ווי צו רעדן צו קינדער אַזוי זיי פילן ליב געהאט

Building trusting relationships with children is a worthwhile goal for parents. We will have to recognize the child’s right to negative emotions and learn how to adequately respond to crying and even tantrums. Psychologist Seana Tomaini has compiled a list of five messages that you should definitely pass on to your children.

When I first saw my daughter, I thought, «I don’t recognize you.» She was not like me in appearance and, as it soon became clear, behaved quite differently too. As my parents said, as a child I was a calm child. My daughter was different. She would cry all night long as my husband and I tried unsuccessfully to calm her down. Then we were too exhausted to realize the main thing — with her cry, the daughter let us know that she was a separate, independent person.

Our interaction with children determines the way they interact with the outside world in the future. That is why it is important to explain to children that we love them for who they are. We must help them learn to trust adults, manage their emotions, and treat others with compassion. Confidential conversations will help us with this. Topics may change as children grow, but there are five main messages that are important to repeat over and over.

1. You are loved for who you are and who you will become.

«I don’t like it when you fight with your brother, but I still love you.» “You used to love this song, but now you don’t like it. It’s so interesting to see how you and your preferences change over the years!

Letting your children know that you love them for who they are and who they will become in the future builds trust and forms a secure attachment. Build relationships based on joint activities, do together what the children want to do. Pay attention to their hobbies and interests. When you’re with your kids, don’t be distracted by work, household chores, or the phone. It is important to show children that you are completely focused on them.

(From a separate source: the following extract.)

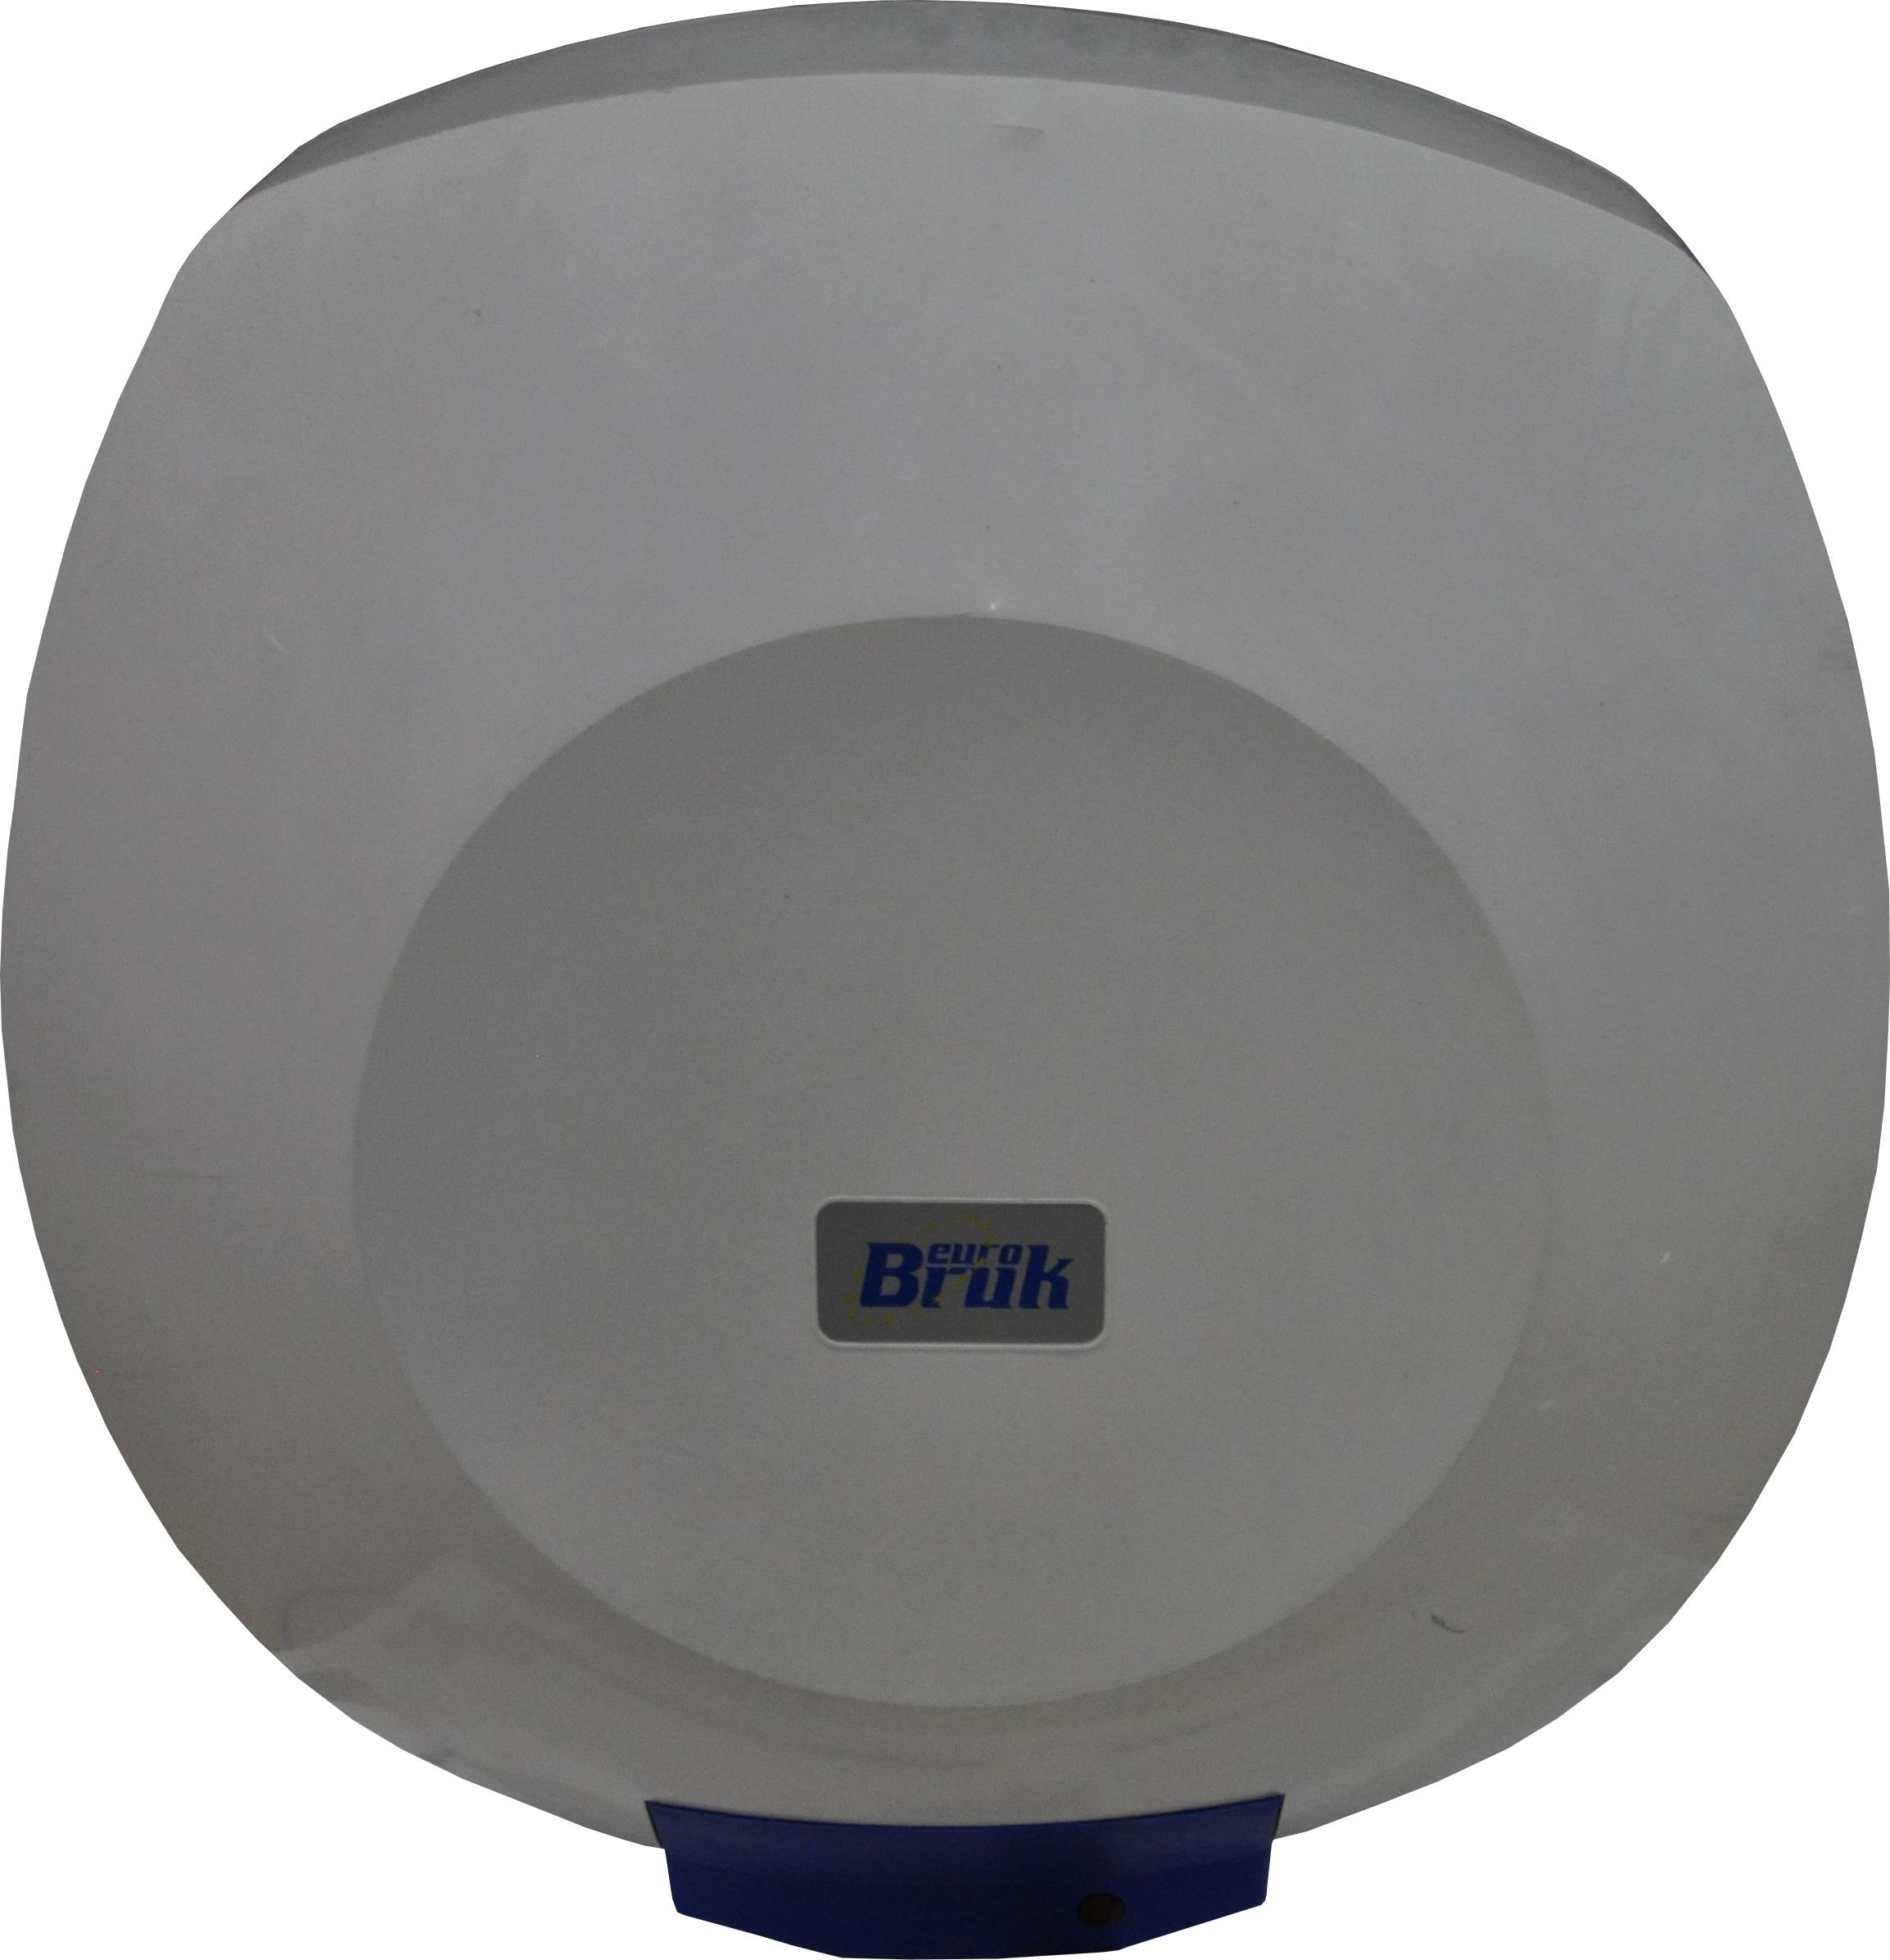 Boilere43938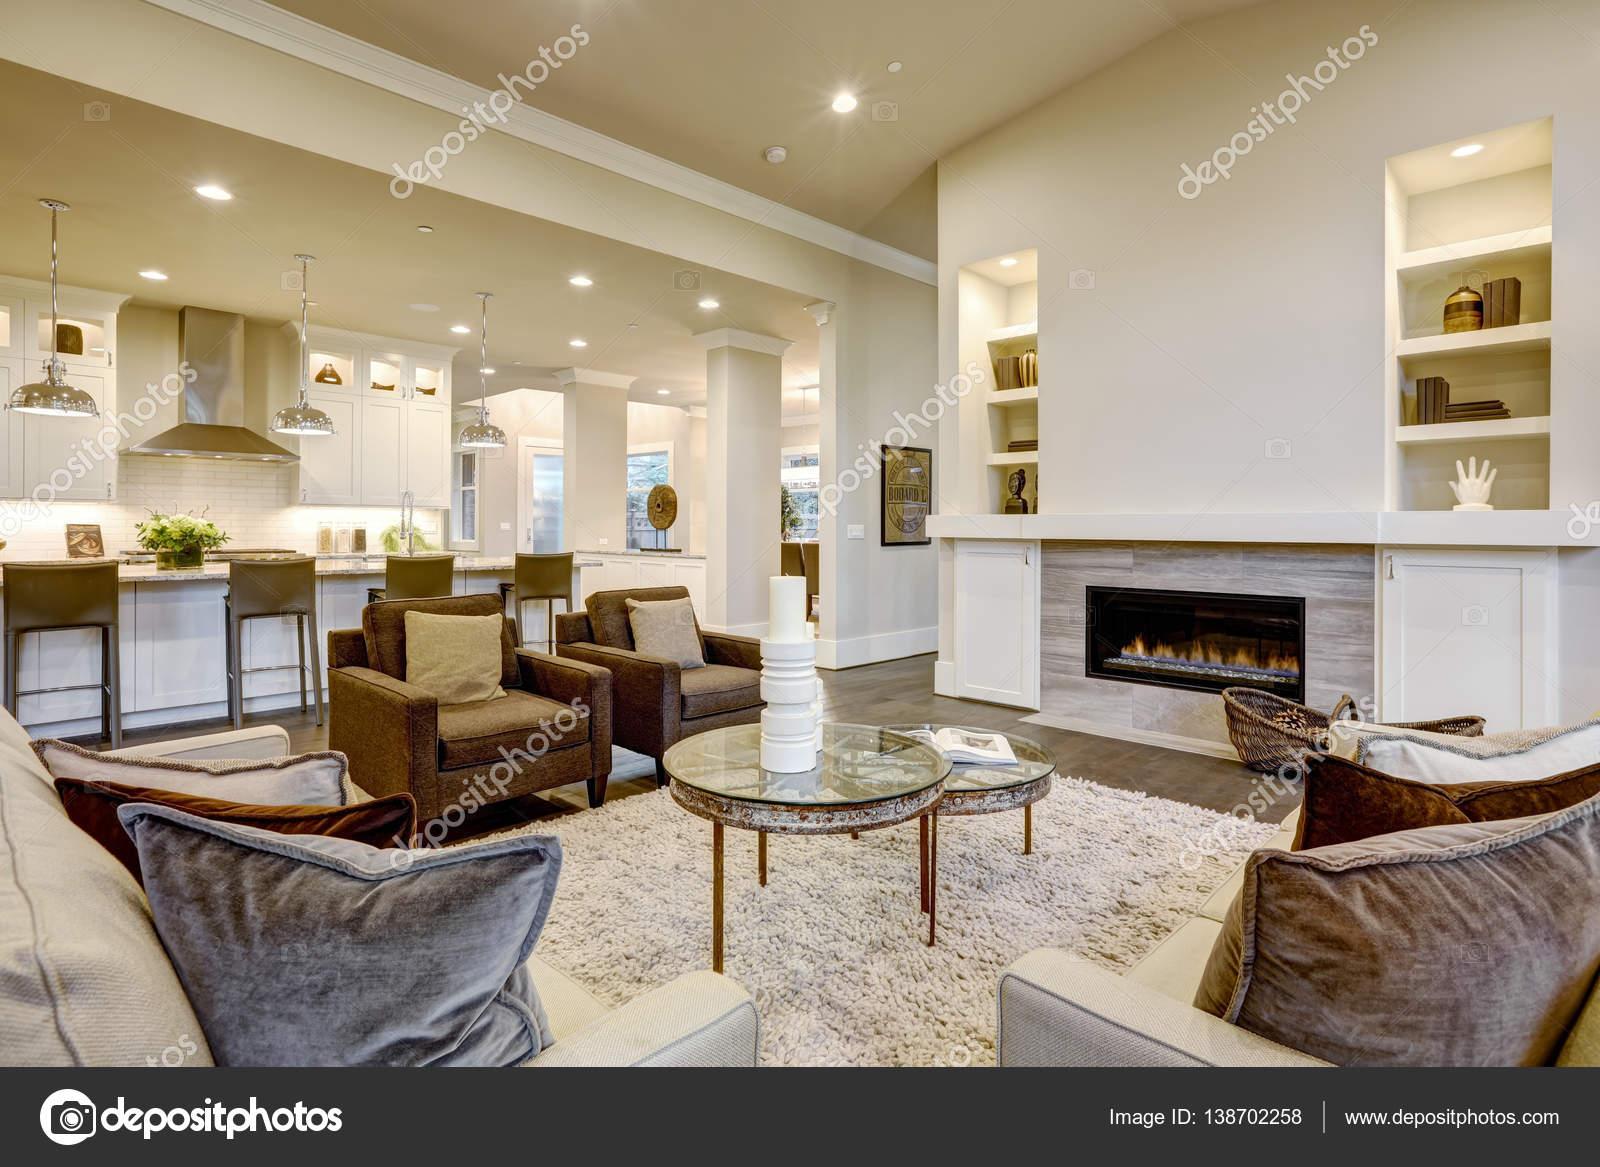 Beautiful Woonkamer Design Ideas - House Design Ideas 2018 - gunsho.us

Children who have built secure attachment relationships with their parents tend to have higher self-esteem and stronger self-control. They tend to show empathy and compassion. They have developed critical thinking skills and more noticeable academic success compared to children who have not built such relationships with their parents.

2. Your feelings help your parents understand what you need.

“I hear that you are crying and I am trying to understand what you are asking for at the moment. I’ll try to hold you in a different way. Let’s see if that helps.» “When I want to sleep, I become very capricious. Maybe now you want to sleep too?

It’s nice to be around kids when they’re in a good mood, easy to get along with, and fun to be around. But children, like adults, experience unpleasant feelings: sadness, disappointment, despair, anger, fear. Often children express these feelings through crying, tantrums, and naughty behavior. Pay attention to children’s emotions. This will show that you care about their feelings and that they can count on you.

If childhood emotions baffle you, ask yourself the following questions:

  • Are my expectations for children realistic?
  • Have I taught the children the necessary skills?
  • What skills do they need to practice more?
  • How do children’s feelings affect them right now? Maybe they are too tired or distressed to think clearly?
  • How do my feelings affect how I react to children?

3. There are different ways to express feelings.

“It’s okay to get upset, but I don’t like it when you scream. You can just say, «I’m upset.» You can express your feelings by stamping your foot or clutching a pillow instead of screaming.»

“Sometimes in moments of sadness, I want to tell someone about my feelings and hug. And sometimes I just need to be alone in silence. What do you think can help you now?”

For babies, crying and screaming is the only way to express negative feelings. But we do not want older children to express feelings in this way. As their brain develops and their vocabulary grows, they gain the ability to choose how they express their emotions.

Talk to your child about the rules for expressing emotions in your family. How can children and adults express emerging emotions? Use art books to show your child that everyone has feelings. Reading together provides an opportunity to talk about the difficult feelings that different characters face and practice problem solving without becoming emotionally involved in the situation.